Xia Liu (because his name sounds like "pervert" (下流), his name is often dragged into that theme) literally sleeps under the house as the entrance to his bedroom is located under the living room table. Xia Liu is the guardian of the entrance to the ghostly dimension, Mie (滅). He may be senile, but he is also the most powerful member in the family: that is before Xia Tian becomes the superior member. His poor memory is often a laughing point.

Removing people's memories is one of Xia Liu's many abilities, and is the first one to be used on screen.

His main weapon is a pair of cymbals called "Ke Mo Ba" (剋魔鈸), which he uses to attack with sound waves and to cast spells. His most notable attacks are eight spells that are mainly used for fighting evils, called "Xiang Mo Ba Jue" (降魔八訣).

- Ye Si Ren (葉思仁)
Ex-husband of Xia Xiong (夏雄), and father of Xia Tian (夏天), Xia Yu (夏宇) and Xia Mei (夏美).

Ye Si Ren (sounds close to "死人" / Dead Man) owns a pub called "The Ass Pub" (老屁股) and is a very gifted musician.

Because of his naïvety and unfaithfulness, he and Xia Xiong's marriage ended years ago, but he still has feelings for her. He is constantly interfering with Xia Xiong's dates. Even though he was not a very good husband, he is a very good father, and will do anything in his capacity to protect his family.

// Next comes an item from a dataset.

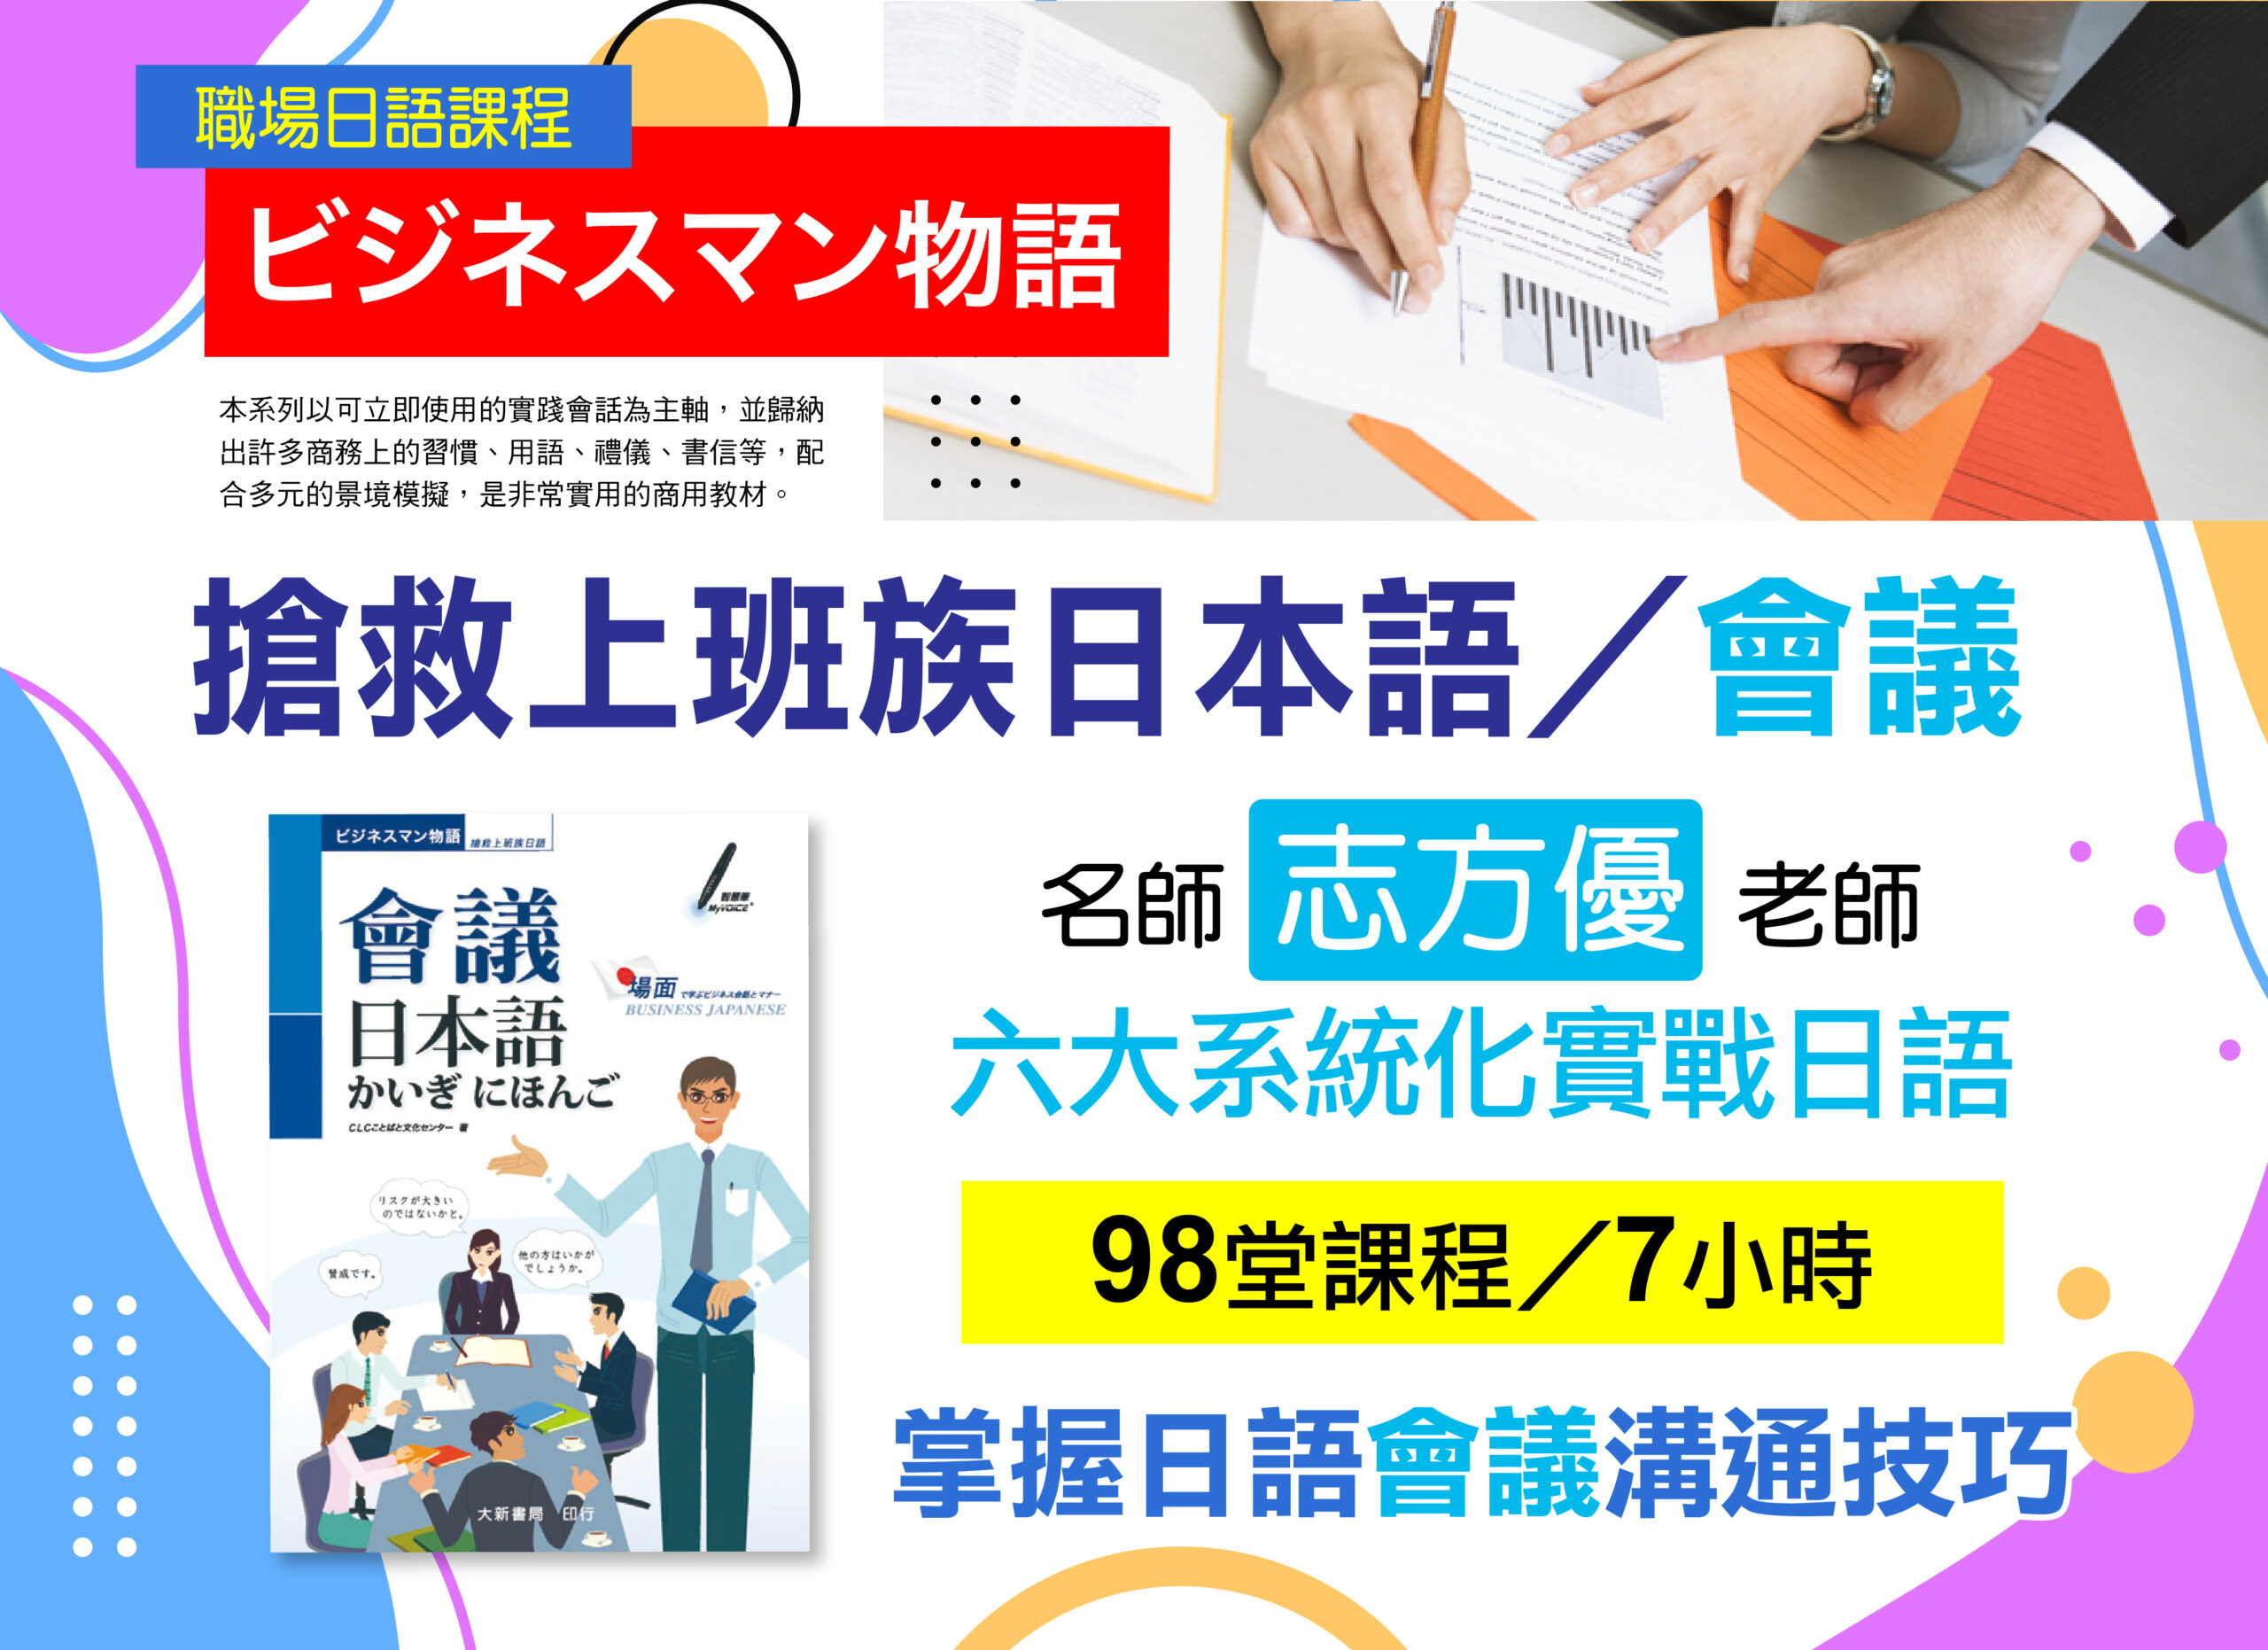 《搶救上班族日本語-會議》-職場日語課程

At the start, he appears as a Ma Gua (麻瓜), but when Xia Yu's dark powers begin to manifest, he reveals himself as the head member of the Ye He Na La family (葉赫那啦家族) and plays the Xi Hun Qu (洗魂曲 / Soul Cleansing Melody) in order to cleanse Xia Yu's evil instincts and powers.

- Xia Yu (夏宇) / Gui Feng (鬼鳳)
Xia Yu is the eldest child. He rarely worries his mother. As a student majoring in law and finance at National Taiwan University, he is great with money and handles the family budget. He is also a money-lover. He always cooks and takes care of his younger siblings during his mother's absence.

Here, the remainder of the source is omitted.